WELL, IT’S here. The day no one cares about has finally arrived! I’m kidding, of course. There may be many Trinis who are revved up to head to the polls and cast their ballots in the local government elections. Some, though, will go to the polls with the same enthusiasm reserved for using the bathroom in a hawk and spit.
Others will stay away in defiance. Still, voting isn’t a responsibility, as many would have us believe. It is a right you can choose. In some communities where the choice is between an ornery manicou and a belligerent possum, the only reasonable option is NOTA.
Whenever an election rolls around, I’m reminded of that Mary MacGregor hit in the 70s. The lyrics go something like this:
“Torn between two losers, feeling like a fool.
Hating both of you is breaking all the rules.”
Look, my recall on the lyrics is a bit hazy. Sugar, Sugar by The Archies was more my speed in those days.
A vote in our ramshackle democracy is sold to the public as their sacred agency. It still hasn’t dawned on the people of this fair nation (read as Donald Trump’s scurrilous appellation for certain Third World countries) that folding a piece of paper, shoving into a box, then whining about your choice every day for five years is no power at all.
Anyone stirred by what passed for political platform discourse over the last few weeks was hardly likely convinced by either major party’s strategies to attack the challenges of our time.
The voters galloping to the polls are the ones in whom the hucksters on the hustings merely activated two primal instincts encoded in their political DNA – fear and loathing; fear, and racial or tribal hatred of the other. They’re coming with their kleptocracy/ corruption/ incompetence/ nepotism/ cronyism to take away our jobs/ contracts/ man/ gyal/ digginity/ lunch money.
For the most part, when the politicians talk, they are striking a match. You, the voter, are nothing more than a match. The people who would pour poison into your ears see you as mere cannon fodder to help them achieve their objectives.
At the close of the polls, you’ve surrendered your paper and must now return to the life oppressed by a paucity of choice.
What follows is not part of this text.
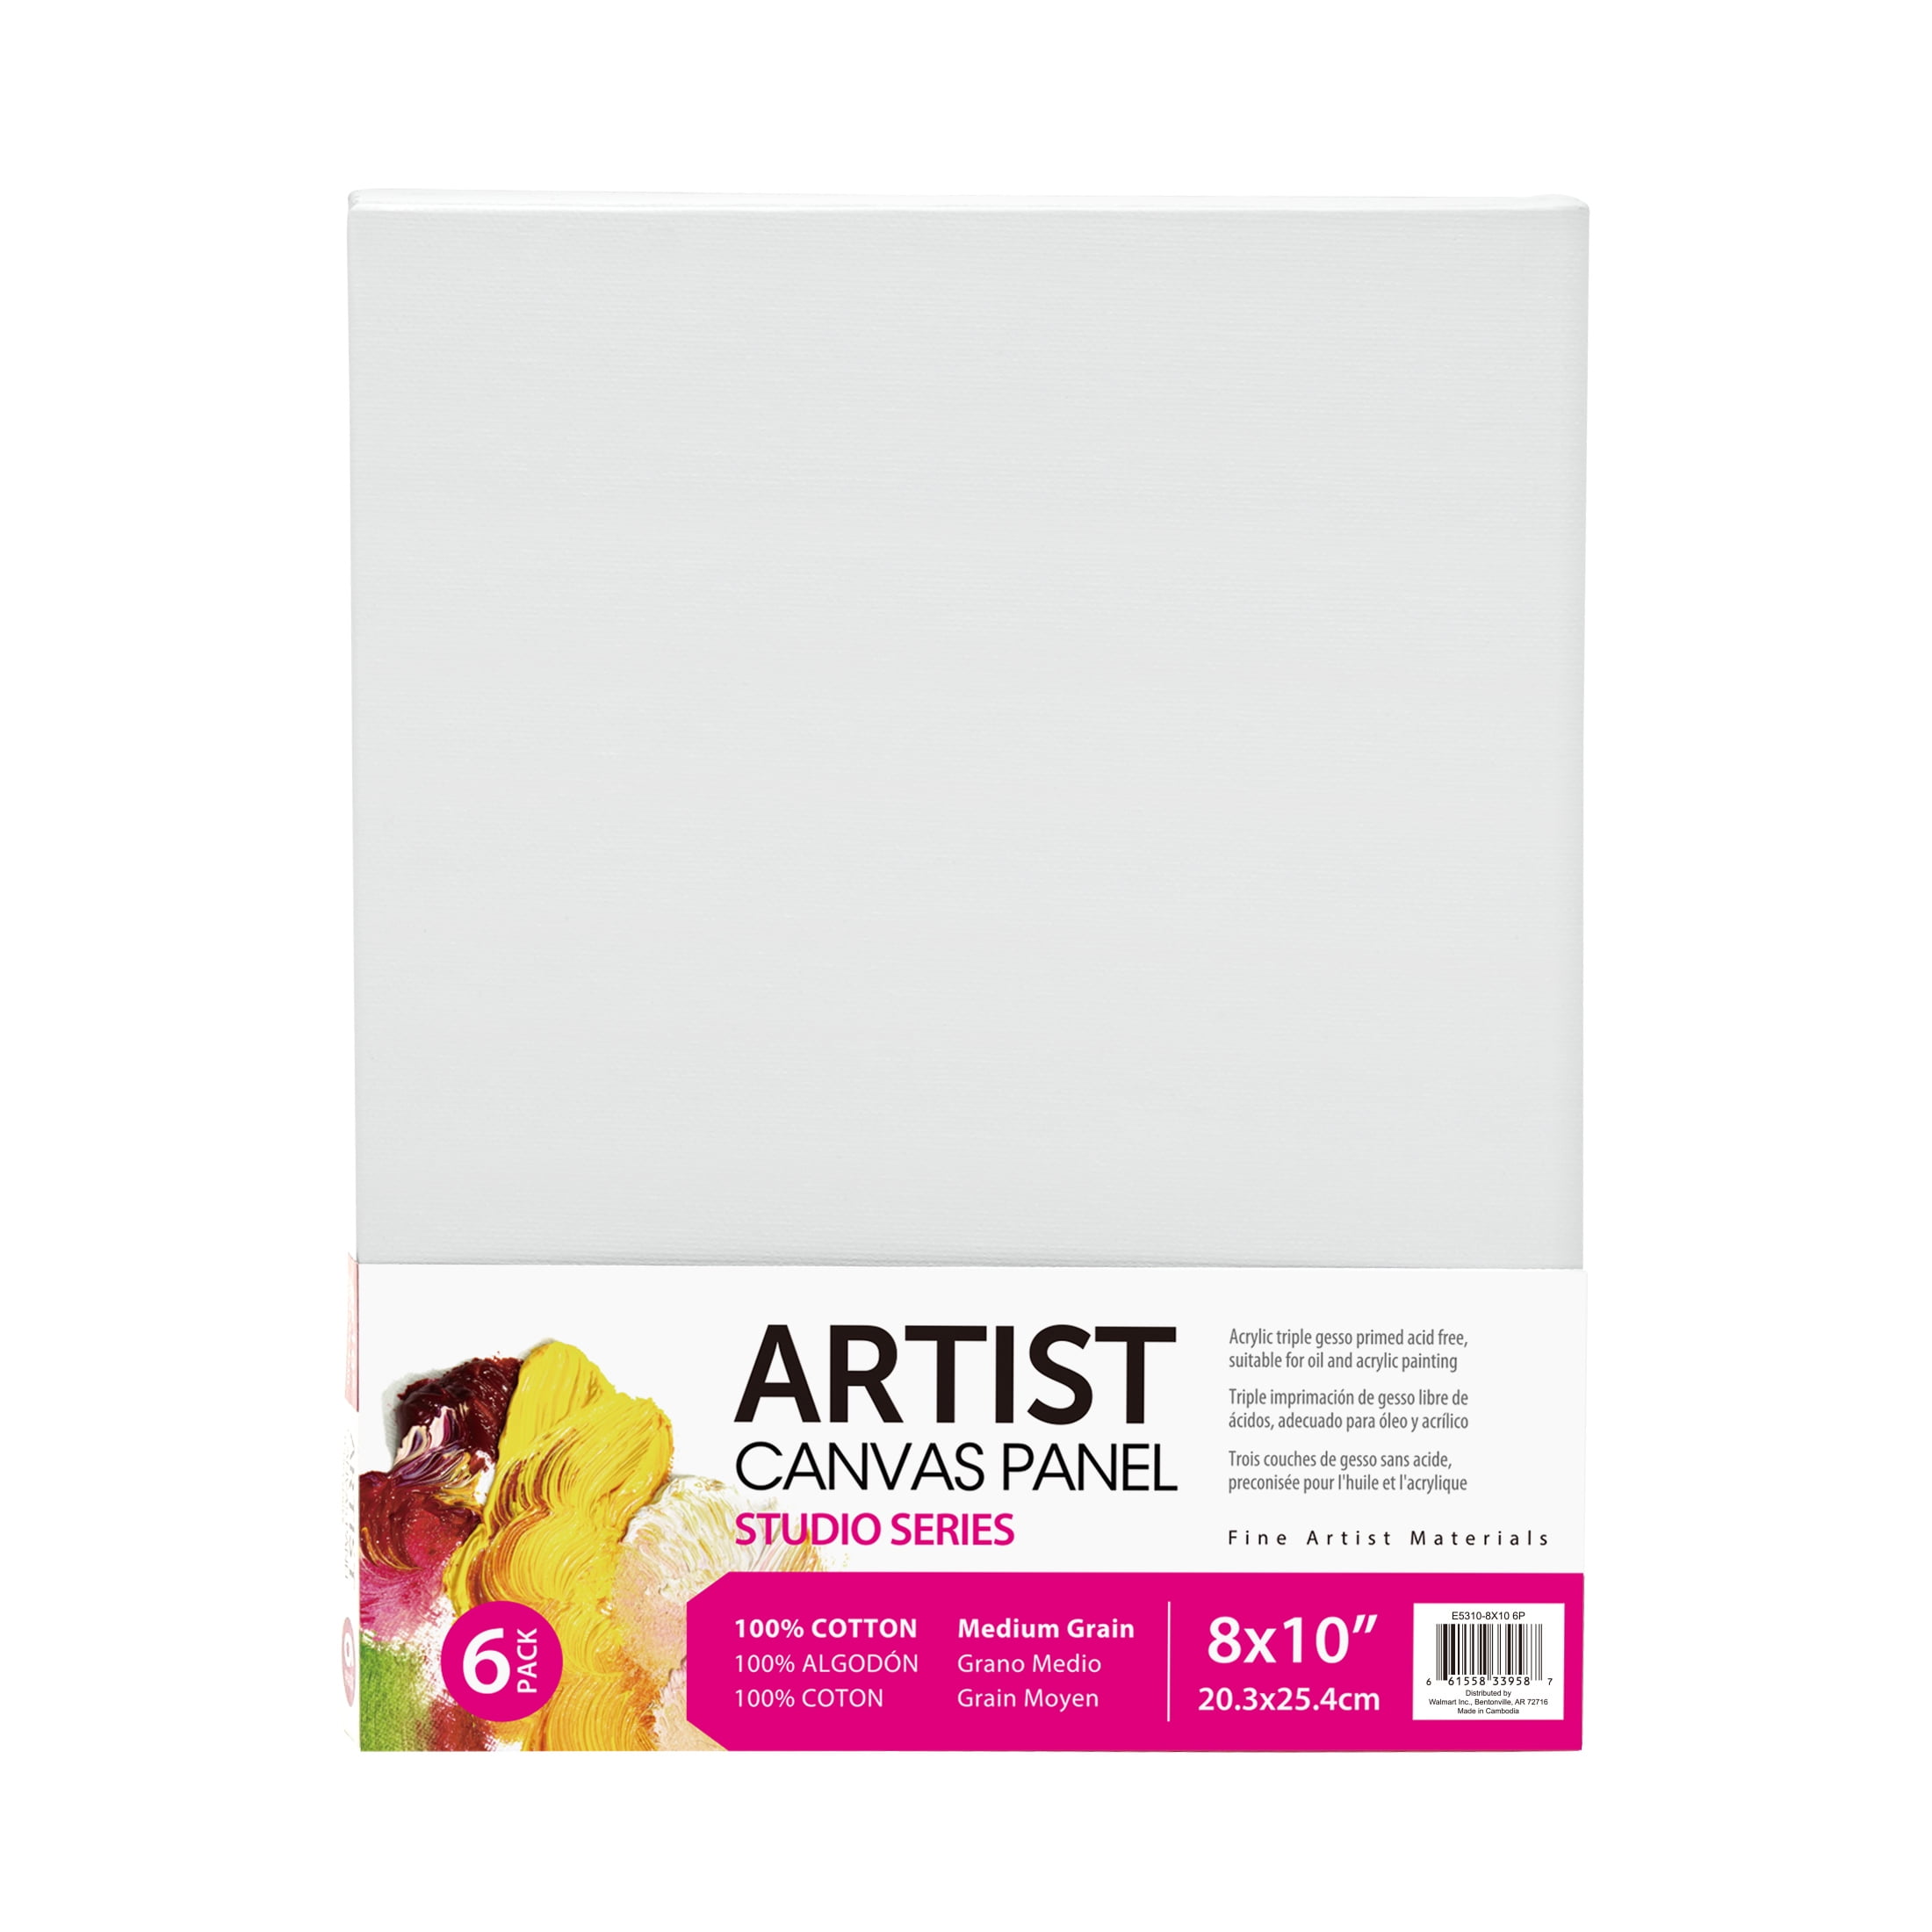 Studio Canvas Panel, 100% Cotton Acid Free White Canvas, 8"X10", 6 Pieces

The poll tax everyone must pay is the enduring suffering under the thumb of utterly failed public service delivery, rubbish healthcare, soaring crime, a dead economy and voices repeatedly telling you things aren’t as bad as you know them to be.
In Diego Martin on Friday last, a loudspeaker announced the impending arrival of a motorcade, like advance troops of marauding rebel forces bent on pillage and plunder. “Your former prime minister Misses Ka-ma-la Passad-Bissessar is leading a moto-cade in your area right nowwww!”
My mind processed that information in the same way I’d hear an announcement from the roving insect vector control department vehicles coming to spray for mosquitoes. I closed the windows and drapes and covered my parrot and my ears.
Moments later, as I was driving on the Diego Martin Main Road, the motorcade arrived. In front of me an attractive young woman alighted from one of the UNC motorcade’s troop carriers. She was wearing a pair of short pants that looked like it was airbrushed on, except the airbrush artist was hurriedly called away from the job to put out a fire in his studio.
She swished about her faux-blonde tresses and limply waved a UNC flag. It was as if even she recognised the inherent ridiculousness of girl in hot pants selling politics like those Guinness girls or even that scantily clad woman on the faded “double-dog” poster tacked up on the door of the First and Last Bar.
That jersey, flag and motorcade politics practised with relish by most political parties seems, to me, so out of step with today’s realities. Jam and wine, humourless picong and dud bombshells are incongruous with the demands of right now.
Politicians, though, dispense what they know to a people who don’t or won’t know better.
Still, jump high or slither lower, racist vitriol is a stain that far outlasts electoral ink. After politicians have extracted what they need from us, they will take their places above while we ketch our respective skins below. They do not live in the divide they help us dig.
Peace and societal equilibrium can only be achieved when we admit that to ourselves. We should all be inspired to vote for ourselves first.